Rethinking the Role of Demonstrations: What Makes In-Context Learning Work?¶
ArXiv: 2202.12837
🎯 Pitch¶
This paper challenges conventional wisdom by empirically demonstrating that ground-truth input-label pairs in in-context learning prompts are largely unnecessary for strong performance in large language models—randomly assigned labels in demonstrations result in only marginal accuracy loss. The authors show that the real drivers of ICL gains are simply exposing the model to the label space, input distribution, and the input–label pair format, which means LMs mainly tap into pretrained knowledge rather than learning new tasks at test time. This reframing not only demystifies ICL, but also has profound implications for how we design, prompt, and trust language models in practical and scientific settings.
1. Executive Summary (2-3 sentences)¶
This paper empirically dissects what, exactly, demonstrations in in-context learning (ICL) contribute to large language model performance. Across 12 models and 26 tasks, it finds that using ground-truth labels in the demonstrations is surprisingly unnecessary—randomly replacing those labels barely hurts accuracy—while the main gains come from three simpler properties of the prompt: seeing examples of the input distribution, seeing the label space, and following the input–label pair format (Sections 4–5; Figures 1, 3, 8–10).

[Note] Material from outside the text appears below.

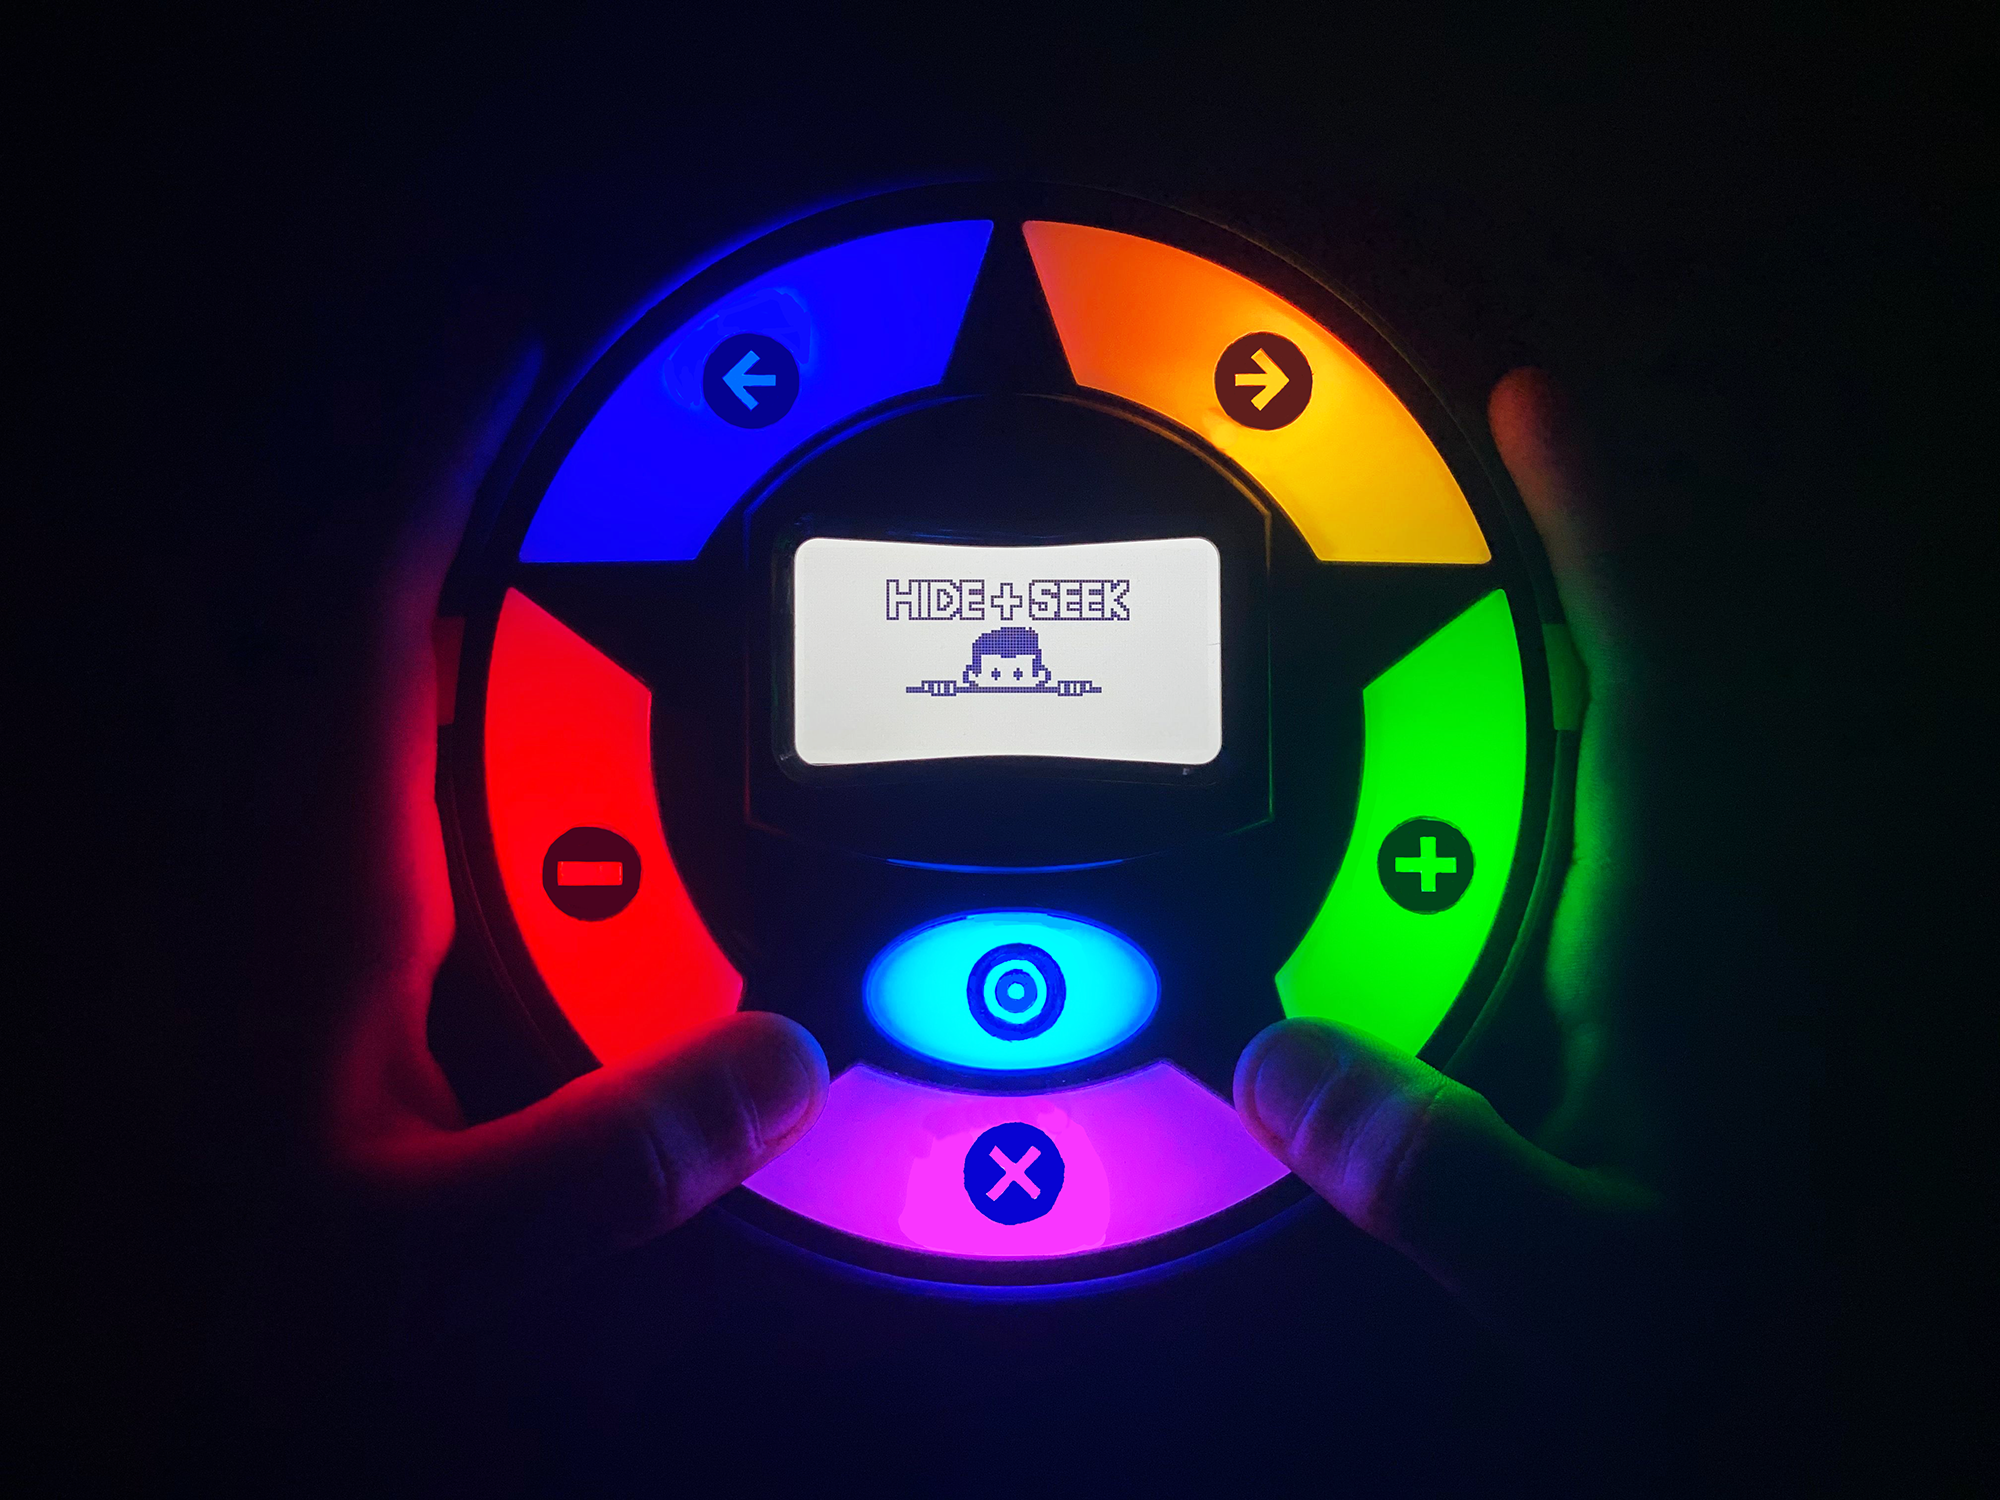 Courtesy. Punta Gorda-based Pressure Games has been working for two years on a new toy called Countdown, an active hide-and-seek game. It will launch April 6.

This reframes ICL as mostly leveraging pretrained priors that are “triggered” by the prompt structure, not learning a new input–label mapping at test time.
2. Context and Motivation¶
- The problem addressed
- In-context learning lets a language model solve a new task by conditioning on a few “demonstrations” (input–label pairs) without gradient updates (Figure 2; Section 1). What remains unclear is which parts of those demonstrations matter. Do models actually learn the mapping from inputs to labels shown in the prompt, or are other factors driving performance?
- Why this matters
- Practically: ICL is widely used when fine-tuning is costly or unavailable for very large models. Knowing what aspects of a prompt drive performance determines how to design effective prompts cheaply and safely.
- Theoretically: Understanding whether models “learn” new tasks at inference or just retrieve and calibrate pretrained knowledge affects how we evaluate and improve LMs (Section 6).
- Prior approaches and gaps
- Many works have optimized prompts (ordering, templates), selected better examples, or trained instruction-following models and meta-ICL models (Section 2). But there has been little empirical decomposition of which demonstration components (correct labels, label set, input distribution, format) are necessary for ICL gains.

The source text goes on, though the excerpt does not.